Trees have been humanized in many myths and legends (some popular TV shows have some of those wise talking trees featured as important characters). We associate their longevity with wisdom because we assume that only time can make us wise. Wisdom and growth come at a price and we also assume that a wise soul carries scars. Trees (even those whose trunks are smooth) are the personification of a scared life.
Your trees speak without words. Their branches’ desperate reaching and twisting seem to speak of self-inflicted punishment. If reaching for illumination is the source of those scars, then we can understand why it is worth the while.
Trees may be the best recorders of time, since not only do they show it in their barks, but also in their trunks once they are cut down. We can tell the age of a tree by the wood growth rings. Where are our rings?
These lines and the image of the dead tree piled up in front of living ones left quite an impression.
What invisible dances do you do
—or silent chants intone—
over long centuries to celebrate
the procession of elegant equinoxes
and mourn your wizened dead?
My mother is one of those who not only think plants are alive and feel just like us. She actually talks to them. She begs the rose to bloom, she asks oregano permission to cut a branch, and she gives the soursop words of encouragement when she struggles to give healthy fruits. So, these lines really make the trees come alive and look as intriguing and fascinating as they can be venerable.
The anguish of a parent who tries to protect their children is magnified before the prospect of silence and immobility.
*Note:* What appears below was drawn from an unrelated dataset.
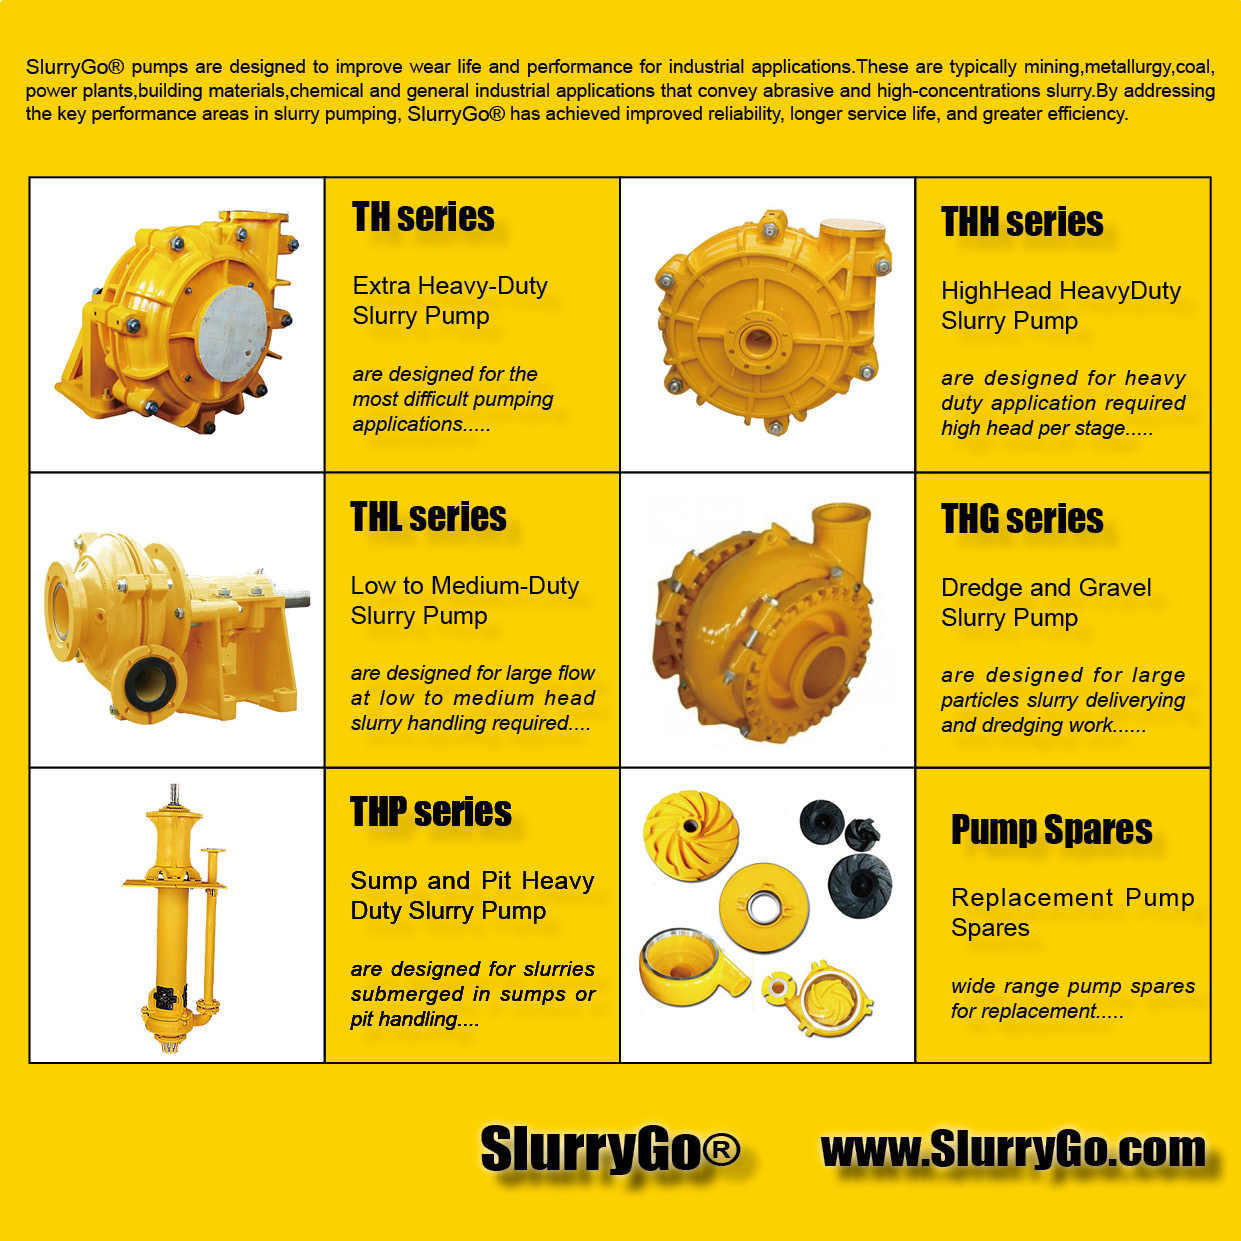 SlurryGo Slurry Pumps Dredging Pumps Replacement Warman

How would we do if we wanted to protect our children but we were fixed and muted? What major evolution had to take place to develop forms of communication that circumvent those limitations?
Anyone who has been lost in a forest knows that trees do have ways of guiding or misguiding (if we can’t understand their language). Like children, and animals, trees have their ways of elating, warning, and auguring. We just need to be observant.